It’s been weeks since I heard from my friend Lena*, if not months. Two years ago she became a mother. When we were sitting in a café and she brought me the good news, I was honestly and really happy for her and her husband. Little did I know at the time that this would start a countdown of weeks of pregnancy that would also mark the dying process of the friendship.

Many women who have children are suddenly no longer the same people. Of course, as a single person, it is also clear to me that having a child means a lot of effort and also some self-abandonment, but a cool girlfriend who had interests and hobbies often only becomes one thing: a mother animal. The catalog of topics from which you can still choose as a friend starts with inflamed nipples and ends with leaky diapers and visits to the baby choir. Sometimes the most chilled woman suddenly turns into a hysterical mother hen who won’t let her child out of her hands for two minutes. Sometimes not even to your own husband.

As a good friend who doesn’t have a husband or family to take care of, I try to be understanding and adapt to her times and places for meetings and phone calls, but this means a lot of adjustment and flexibility for me. Because even if some women don’t work at all anymore, you are suddenly pressed into gap fillers and phone timeslots, such as Wednesday 5-6 p.m. Never at the weekend, because that’s Happy Family Time and it’s not possible after 7 p.m. either, because she goes to bed with the two-year-old herself. I stare in amazement at the very limited appointment suggestions on WhatsApp and wonder if she has actually forgotten that some people work full-time. I can’t come to visit at 12 noon and I can’t make a call at 5 p.m. either.

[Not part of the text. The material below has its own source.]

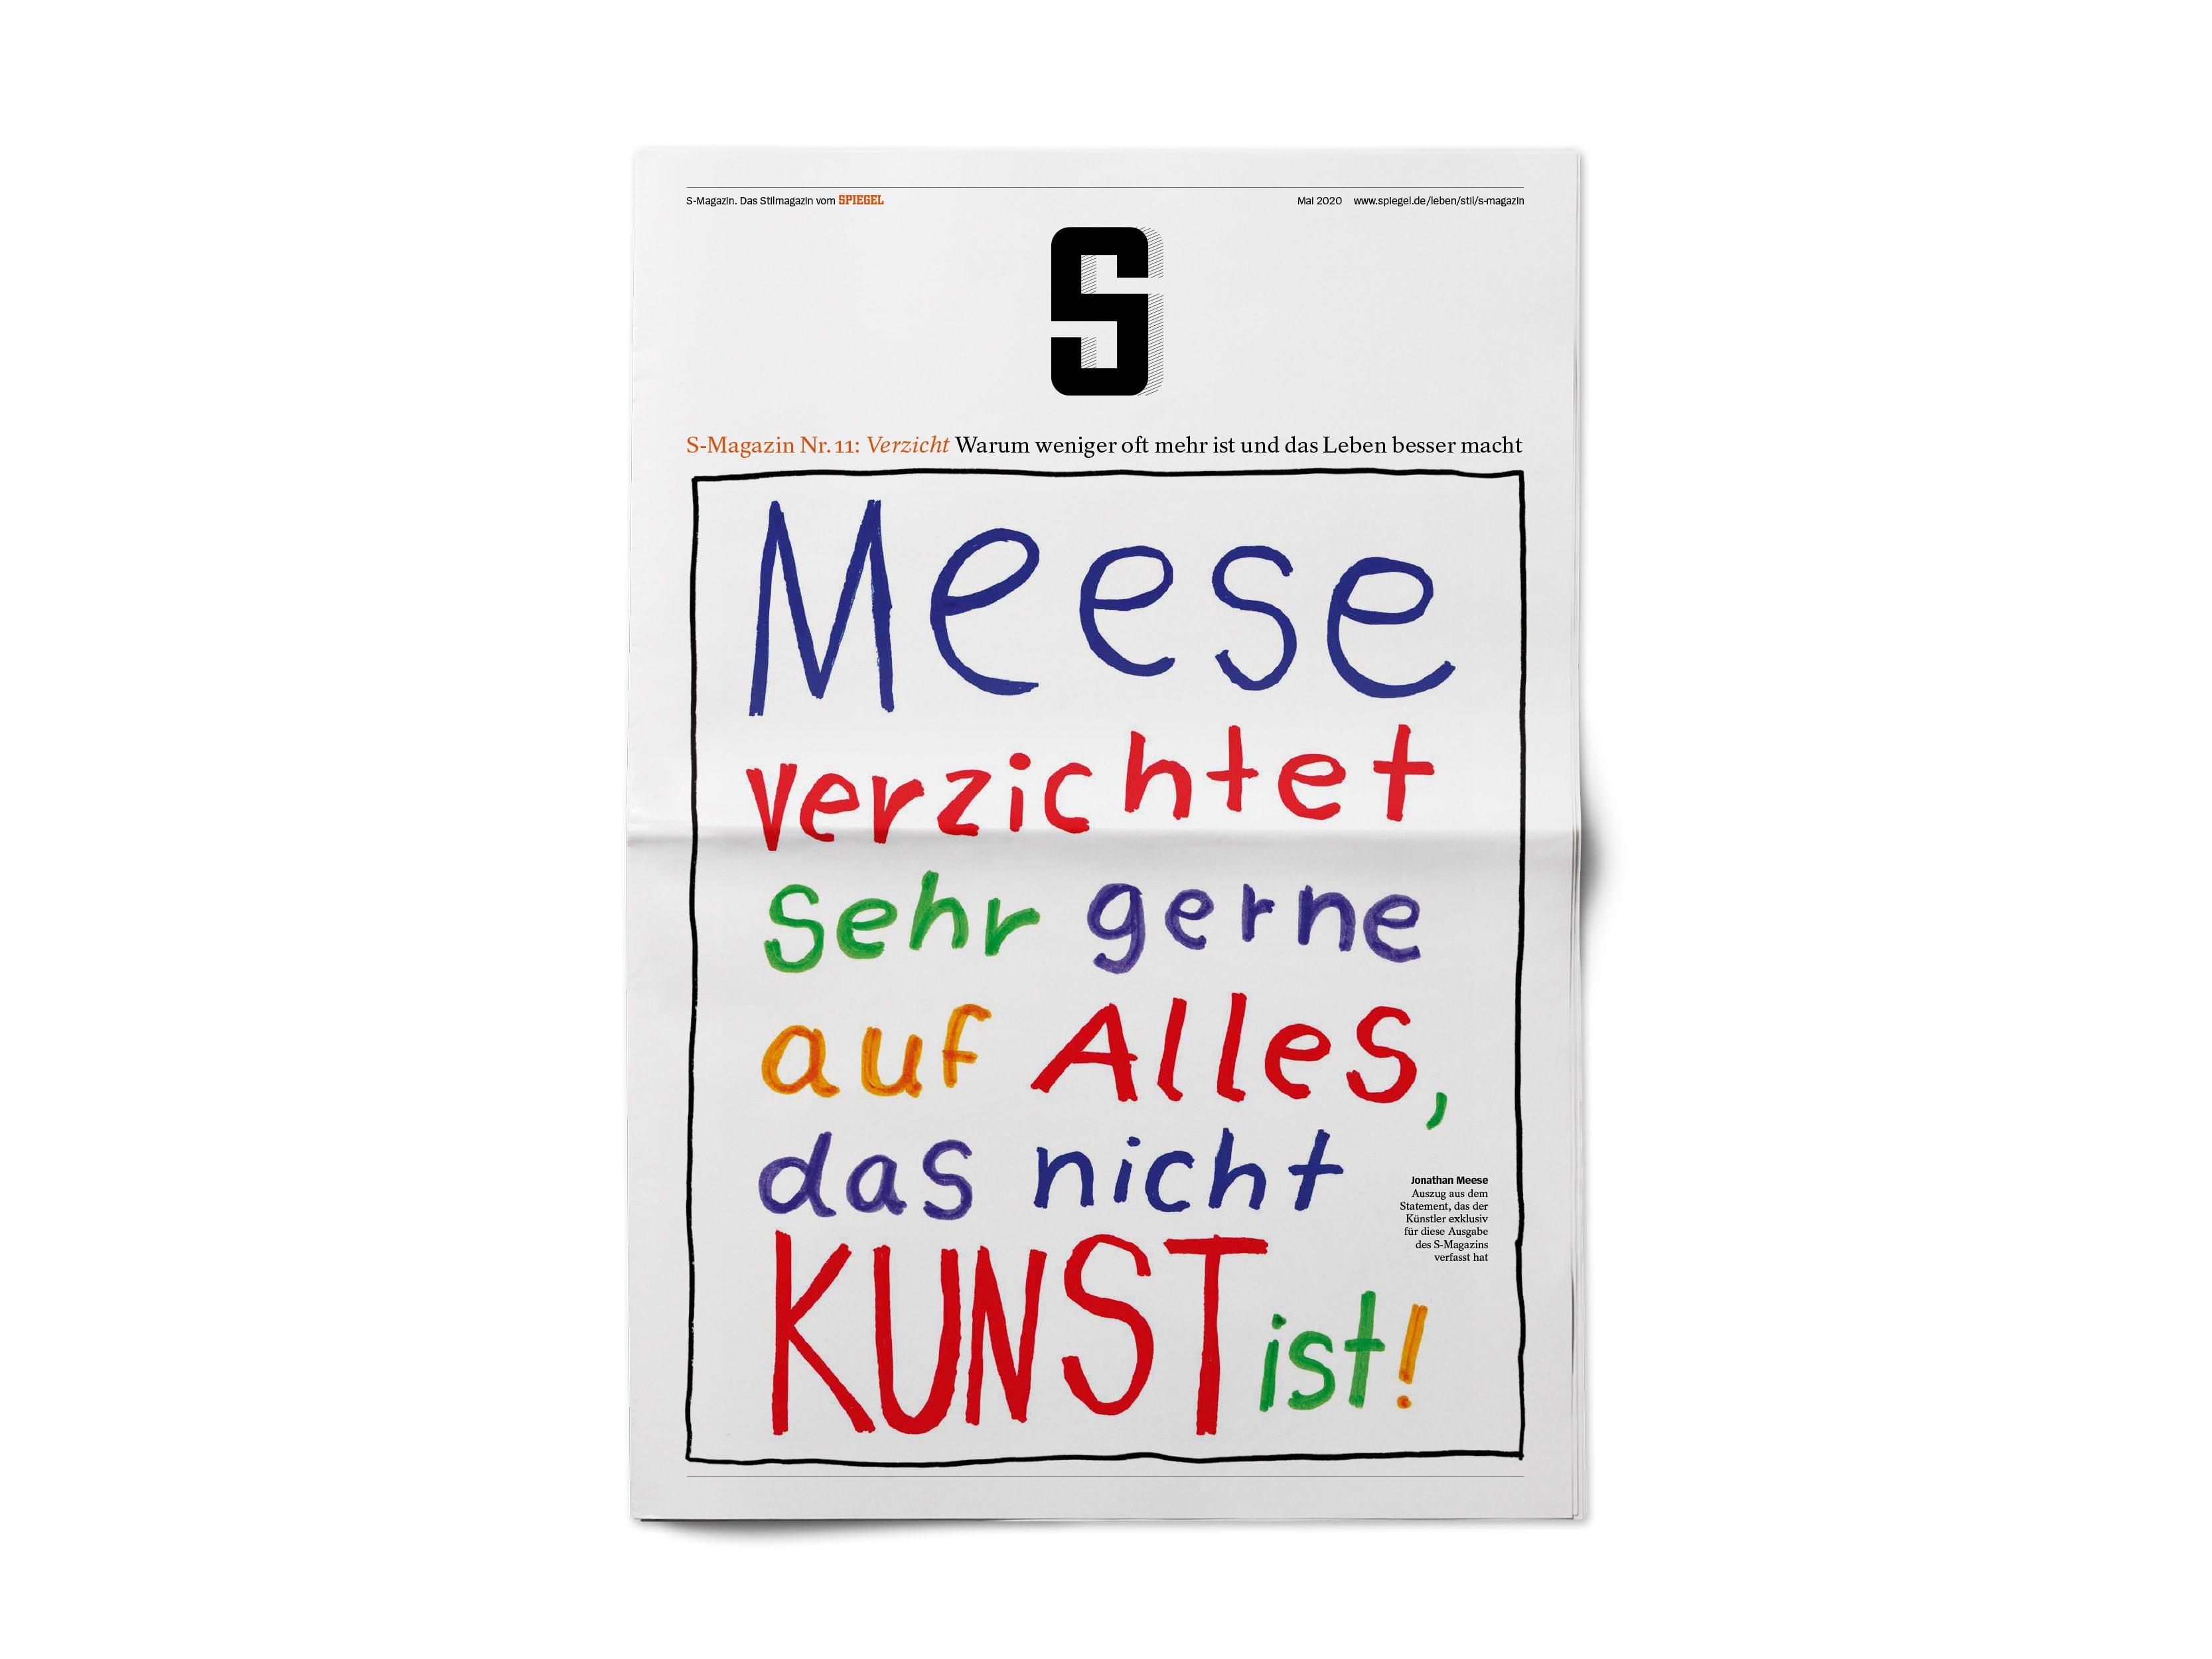 Bureau Johannes Erler – S Nr. 11 ist da!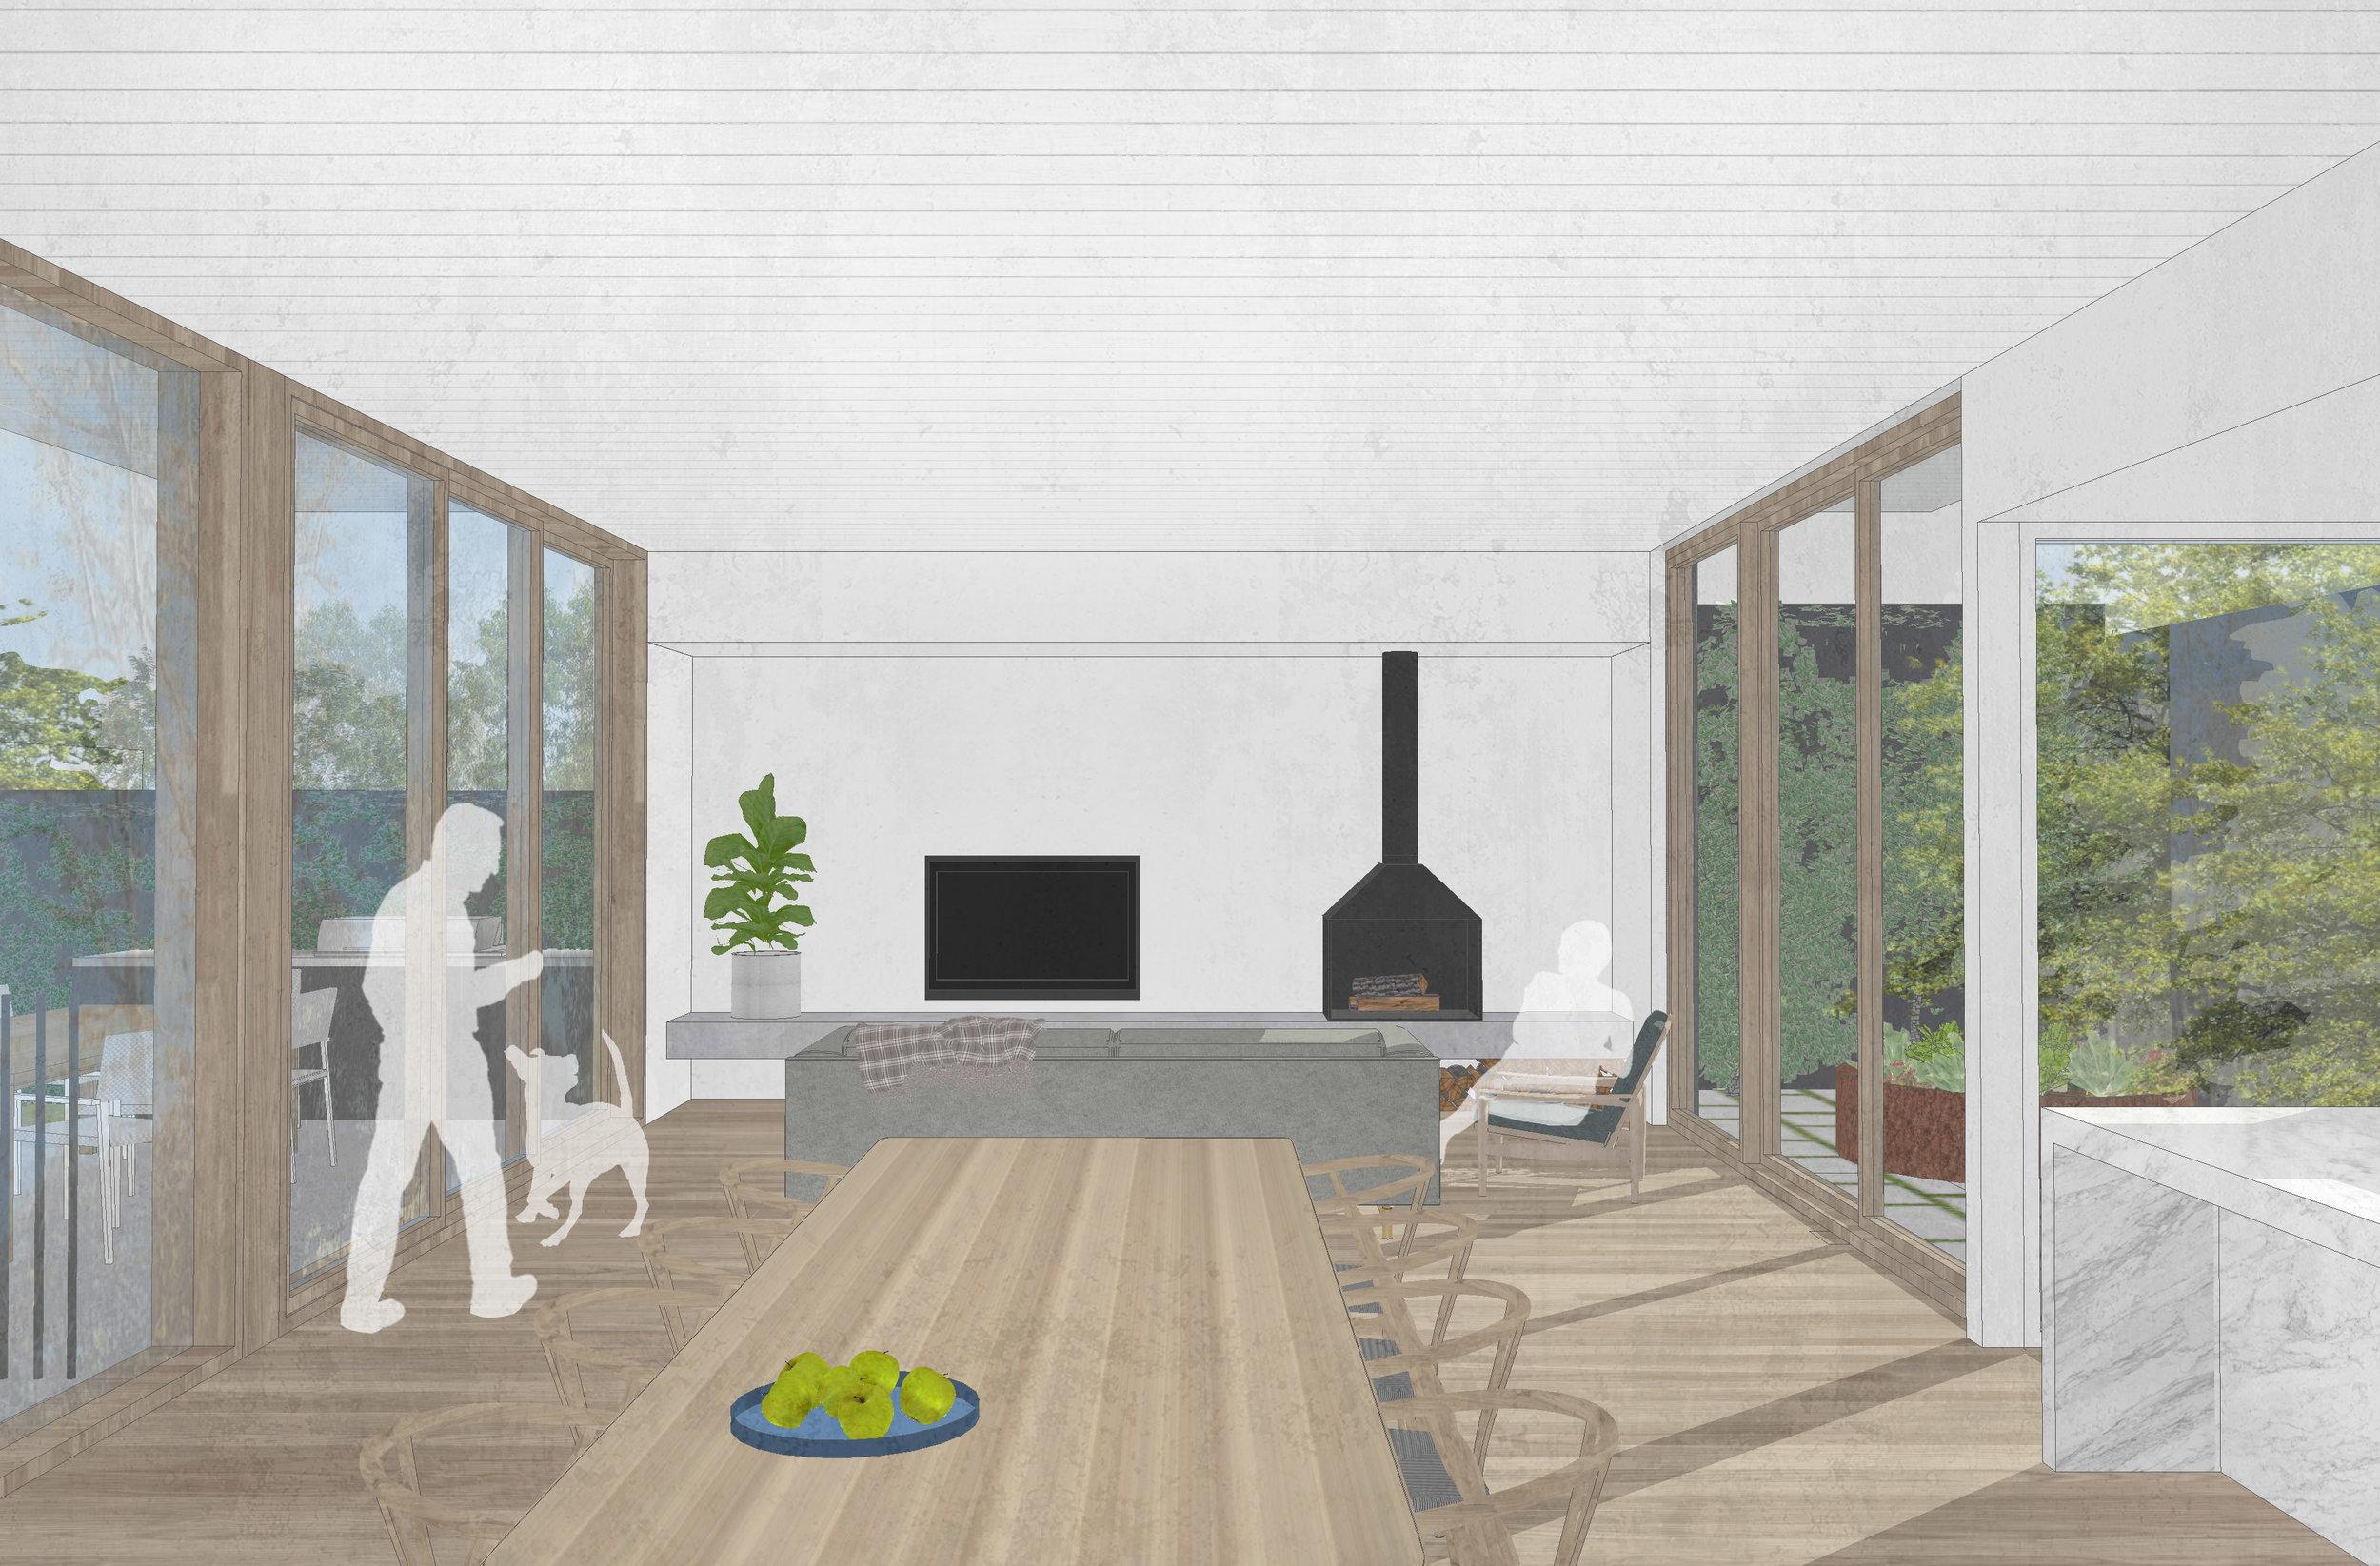 Bower Architecture_ Work in rpgoress

Because she has a baby and I can’t understand how much effort it is and of course I like my girlfriend, I try to adapt where possible. Visit her on days I’m free, cut phone calls when the little one cries, and keep in touch so we don’t lose touch altogether.

It saddens me that so many women who become mothers suddenly have no interests, suddenly no hobbies and I don’t mean the single parents or the time right after the birth when the baby is still very small. Many of them have found such great husbands and fathers and I observe that 80 percent of those around me: these “super daddies” hardly lift a finger. When he comes home from work or at the weekend, when sport, Playstation or something else is popular, then he is “free”. Even if she’s on the phone and he’s at home too, she’s the one who interrupts the call and takes care of the crying child. He’s sitting on the couch and is on draft. Nevertheless, the weekend is of course there to make a “Happy Family” at the autumn market.

But for once I have to take a stand for the men, because what I’ve also observed is that many women enjoy the role of “super mom” to no end. They are the ones who are irreplaceable. They often want it that way, even if they have long since stopped breastfeeding. They want to put the child to bed every night and then crawl in with them, even though the father could and might do the same if they let him. They want to be the child’s closest caregiver, so they often give themselves up, give up all interests and are then just the mother animal.

But that’s not easy for me as a friend either, not only the need for maximum flexibility in terms of time and adaptation to the daily rhythm of my mom’s friend if I want to continue seeing and hearing her. The content of the conversations also lose quality. No wonder, since she experiences nothing other than the playground and the toddler group.

But because I love my girlfriend, I don’t say anything and swallow it down when the only phone call weeks later is interrupted by the baby’s crying and I even say a bit bitchy: “Is your husband not at home and can he just go there?” and she whistles into the phone: “Dooooch, but I’ll do it and call you back”. But often the call never comes, because then she falls asleep next to the child while he scratches his crotch on the couch. I sit miles away for the next two hours, staring at my phone so I don’t miss Lena’s call back. But it doesn’t ring. Disappointed, I also give up at some point, go to bed and wasn’t even able to tell one important thing about my life. Because in the life of mothers often only one thing is important, the family. Unfortunately, they no longer notice what is happening around them.